Impact: Results have been published in the Journal of Clinical Microbiology (volume 38, pages 4010-4014) and a US Patent application based on the results has been filed. Presently, we have obtained sera for APV subgroup A and subgroup B strains from Dr Richard Gough of Veterinary Laboratory Agency, New Haw, England. The sera are being tested for cross-reactivity with US APV using both the routine ELISA and M-based ELISA. We are also generating polyclonal antibodies to purified APV and M protein. The competitive ELISA test should be complete in the next 6 months.
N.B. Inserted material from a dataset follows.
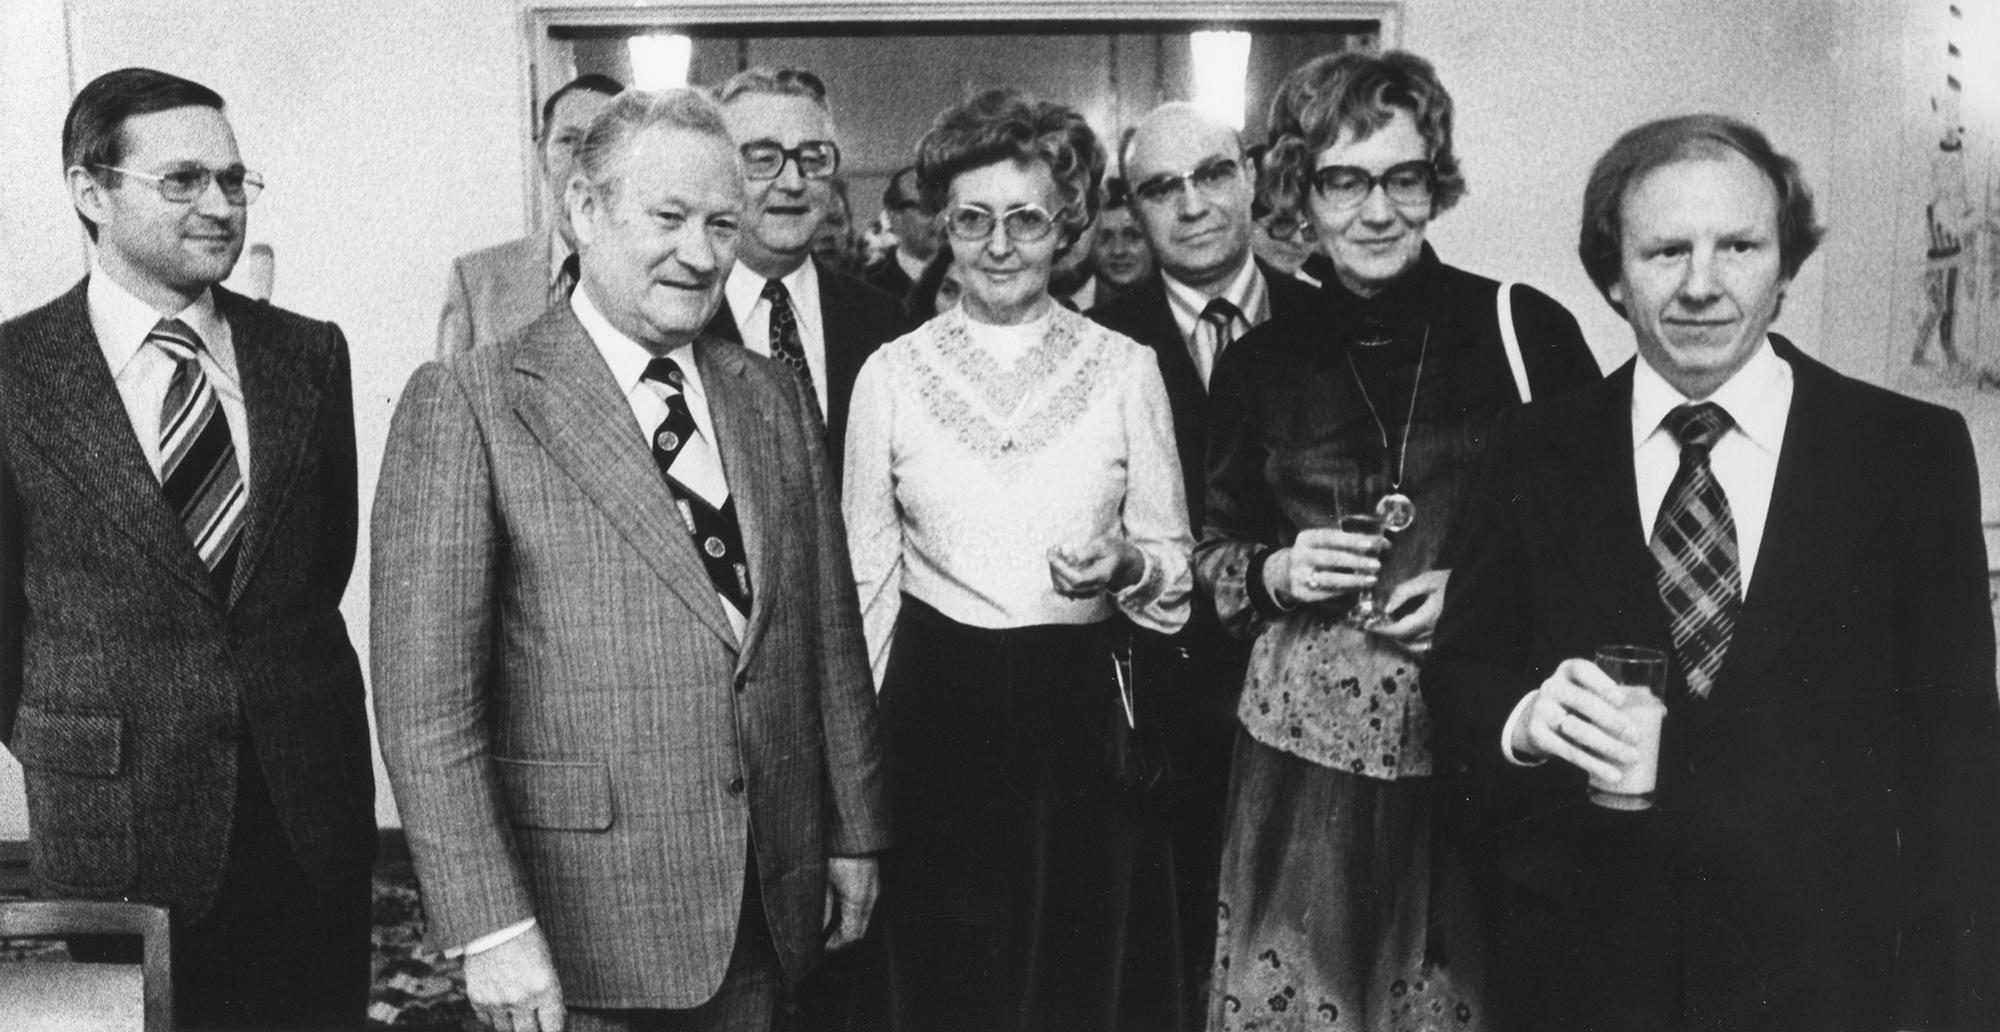 Marianne Englert 1977 in Essen (mit Bogumil OB Katzor Kröll Carlies Rohlmann Gerhard Mantwill)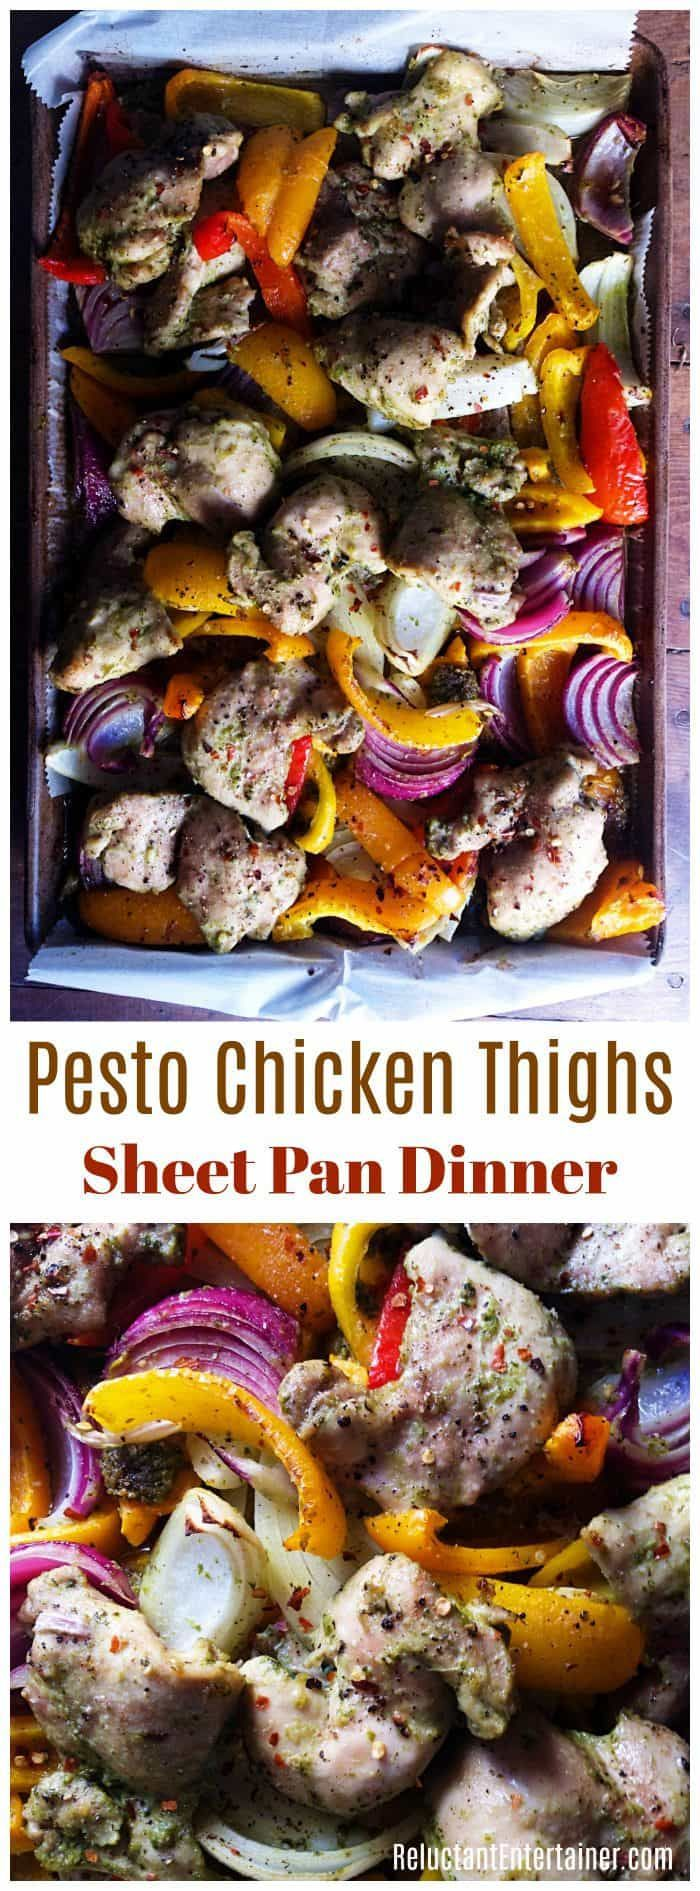 192 best sheet pan dinners images on pinterest cooking recipes pesto chicken thighs sheet pan dinner pesto chickenchicken mealschicken forumfinder Choice Image

Details: Sera from APV-infected turkeys consistently contained antibodies to a 30 kDa protein (M protein). An ELISA based on recombinant M protein generated in E. coli was compared with the routine APV ELISA that utilizes inactivated virus as antigen. In experimentally infected turkeys, 33 of 34 (97.1%) were positive by M protein ELISA, whereas only 18 (52.9%) were positive by routine APV ELISA 28 days after infection. None of the serum samples from uninfected experimental turkeys (n=41) were positive by M protein ELISA. Of 184 field sera from turkey flocks suspected of APV infection, 133 samples (72.3%) were positive by M protein ELISA, whereas only 99 samples (53.8%) were positive by routine APV ELISA. Twelve (12) serum samples, which were negative by M protein ELISA, but positive by routine APV ELISA were not reactive with either recombinant M protein or denatured purified APV proteins by western analysis. This indicates that the samples were false positives by routine APV ELISA. The M protein ELISA was over six times more sensitive than virus isolation (11.5%) in detecting infections from samples obtained from cases showing clinical signs of APV infection.